(YOUR ASSIGNMENT) Exactly as written, return every line of the data below apart from the pictures.

(DATASET EXTRACT)

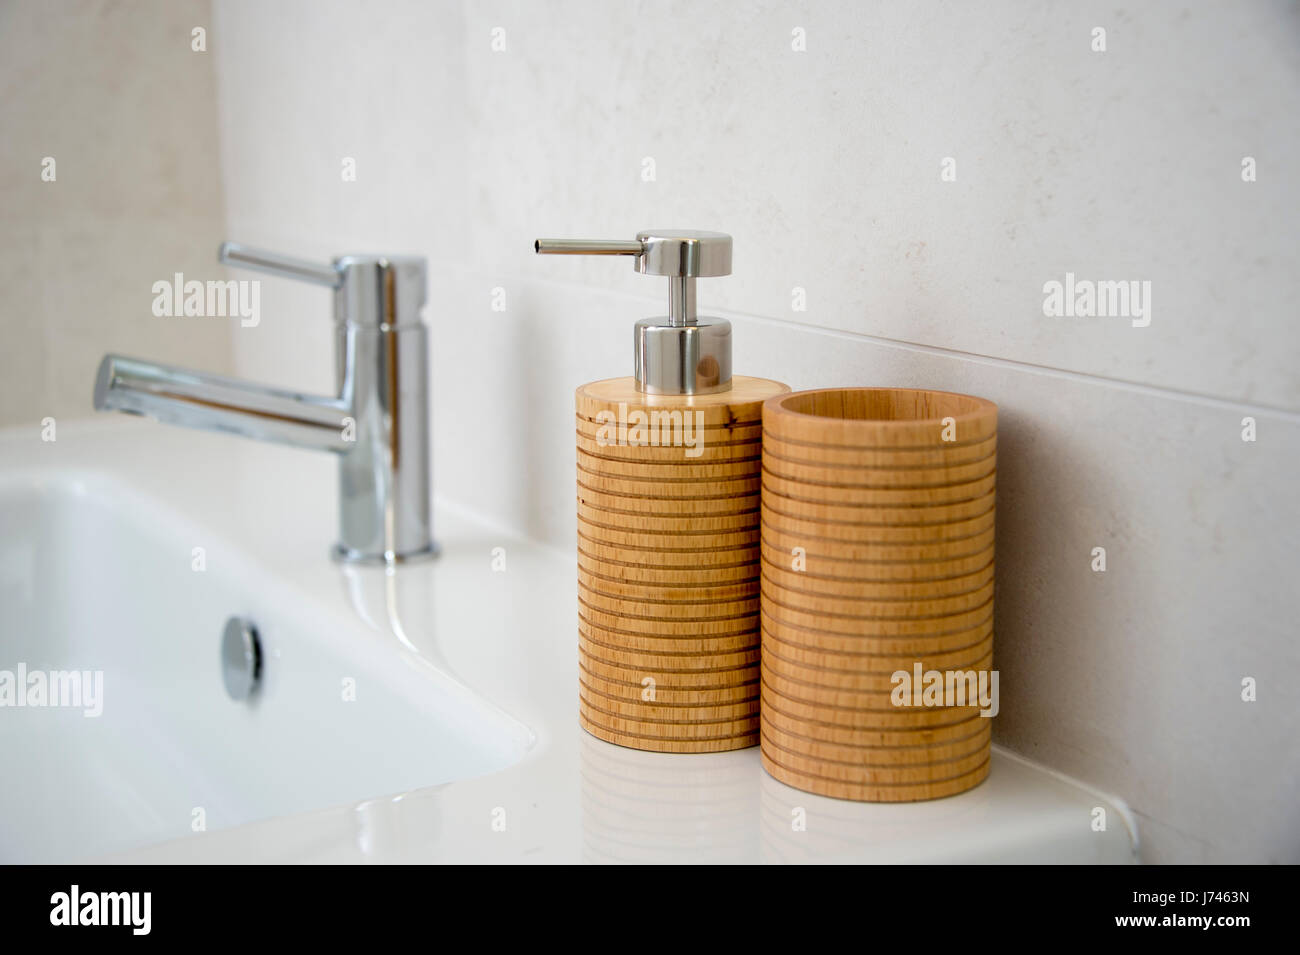 https://c8.alamy.com/comp/J7463N/soap-dispenser-and-toothbrush-holder-on-a-bathroom-sink-J7463N.jpg
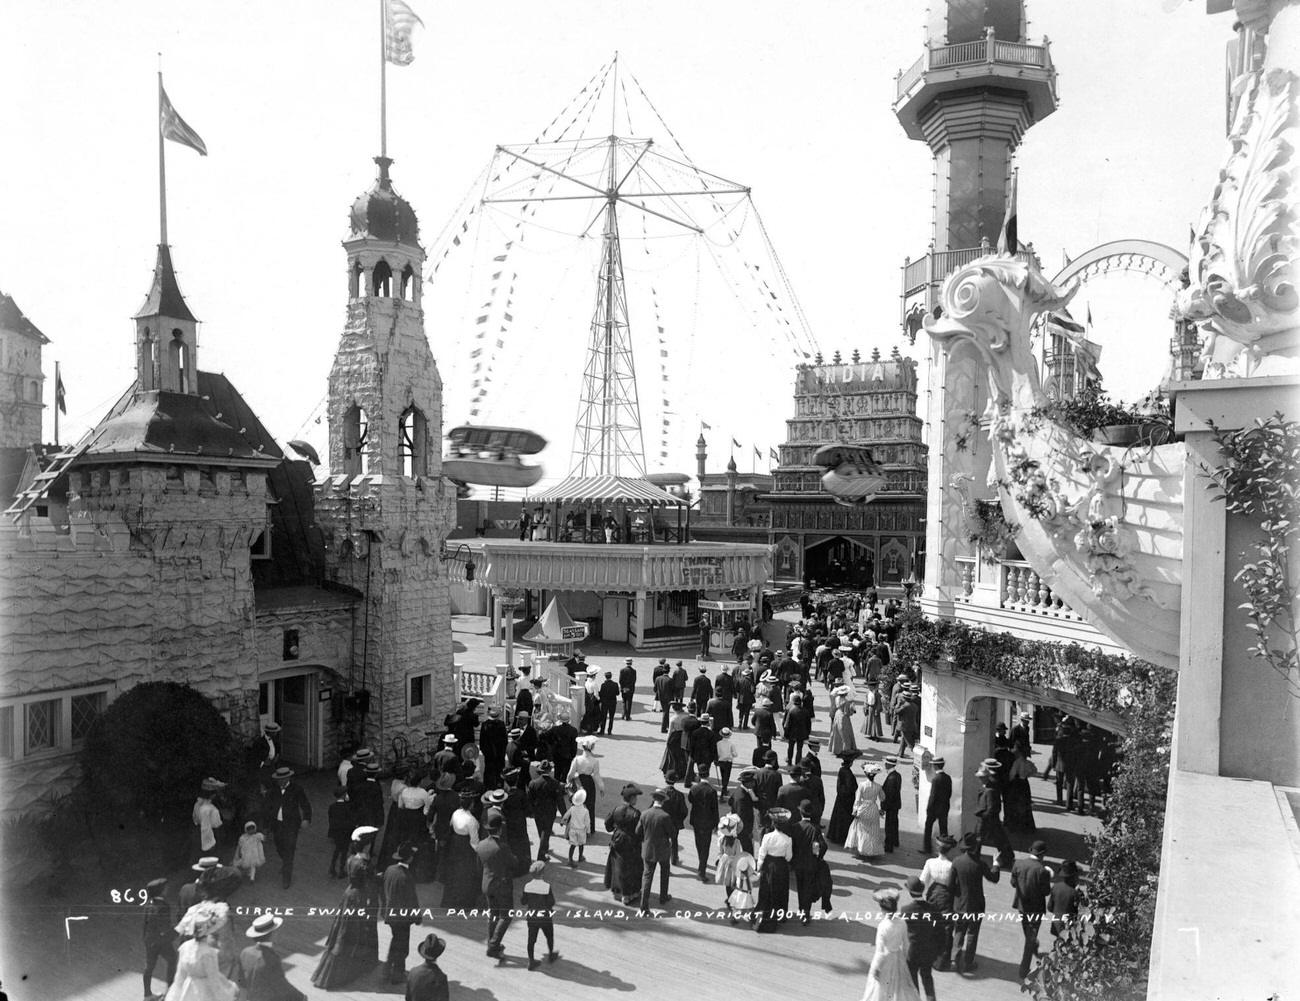 Luna Park'S Circle Swing, 1904
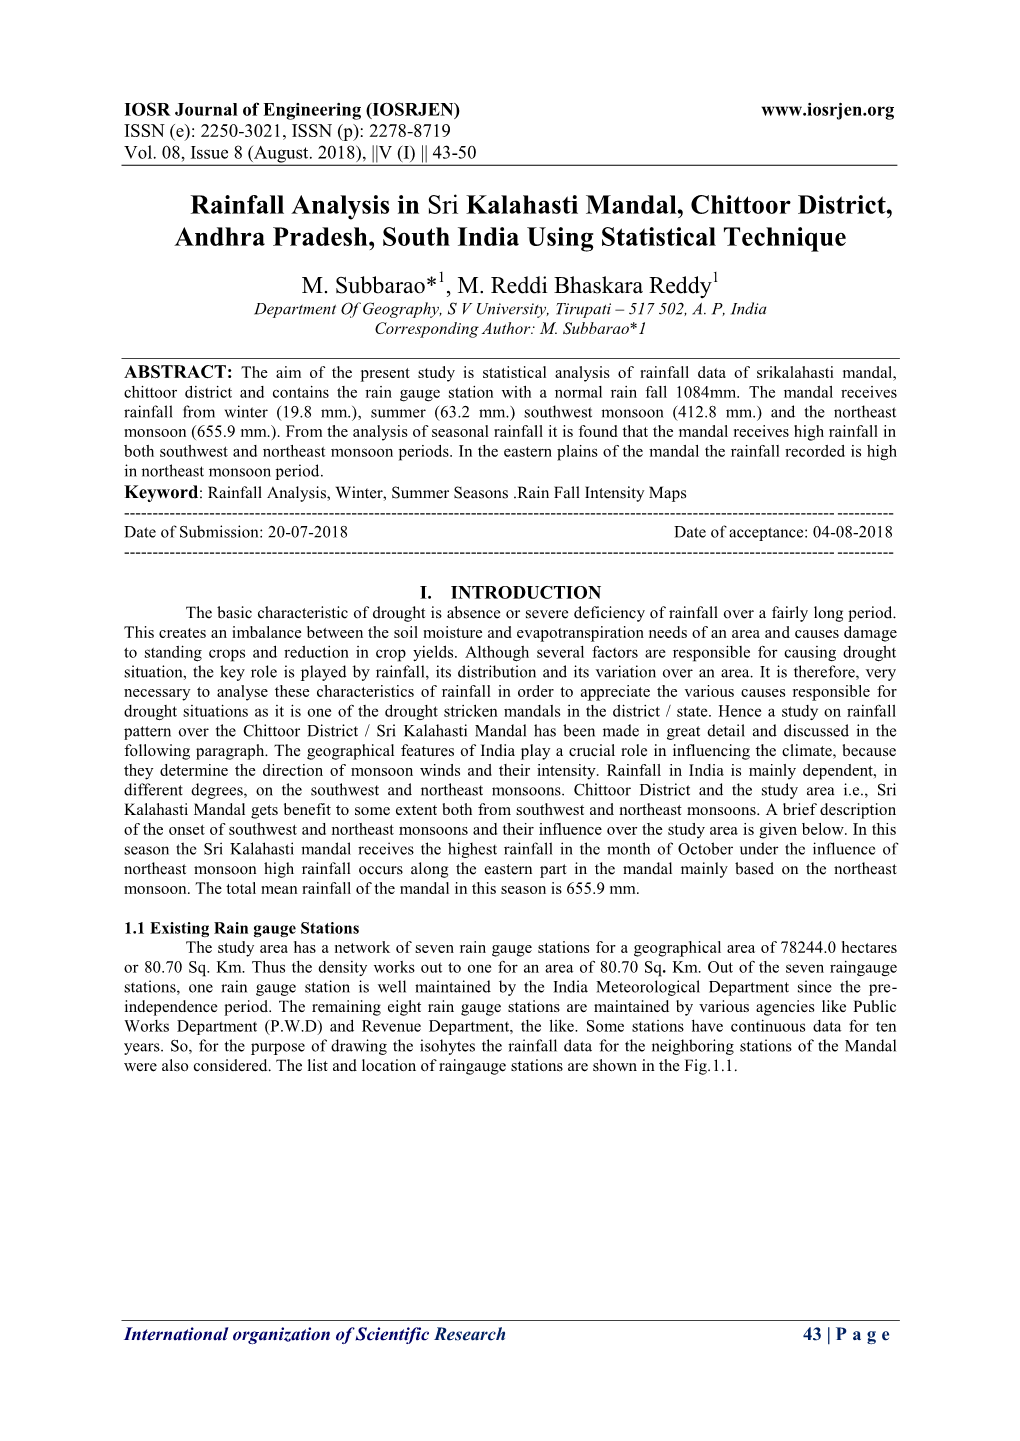 Rainfall Analysis in Sri Kalahasti Mandal, Chittoor District, Andhra Pradesh, South India Using Statistical Technique
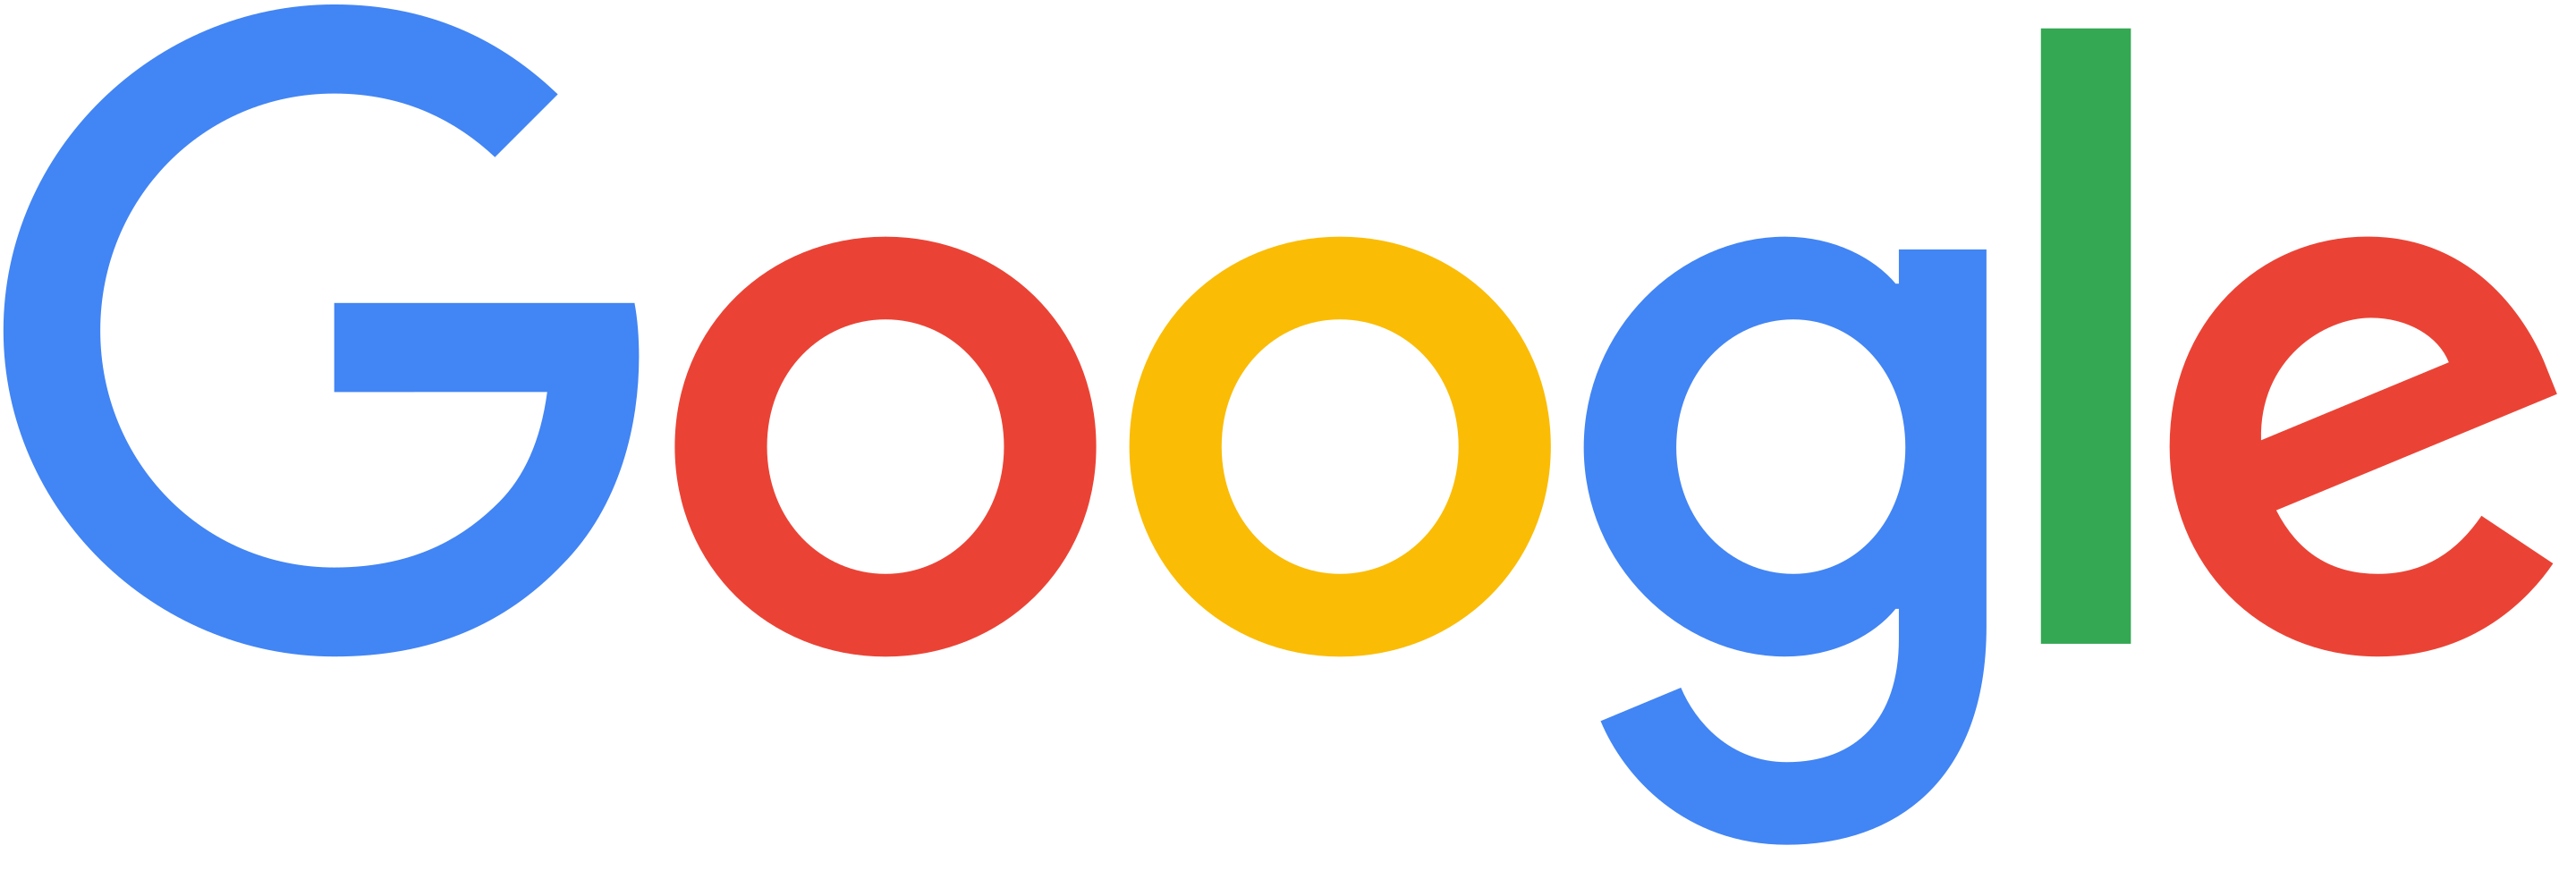 Google website

(RESULT OF THE TASK)
 https://c8.alamy.com/comp/J7463N/soap-dispenser-and-toothbrush-holder-on-a-bathroom-sink-J7463N.jpg
 Luna Park'S Circle Swing, 1904
 Rainfall Analysis in Sri Kalahasti Mandal, Chittoor District, Andhra Pradesh, South India Using Statistical Technique
 Google website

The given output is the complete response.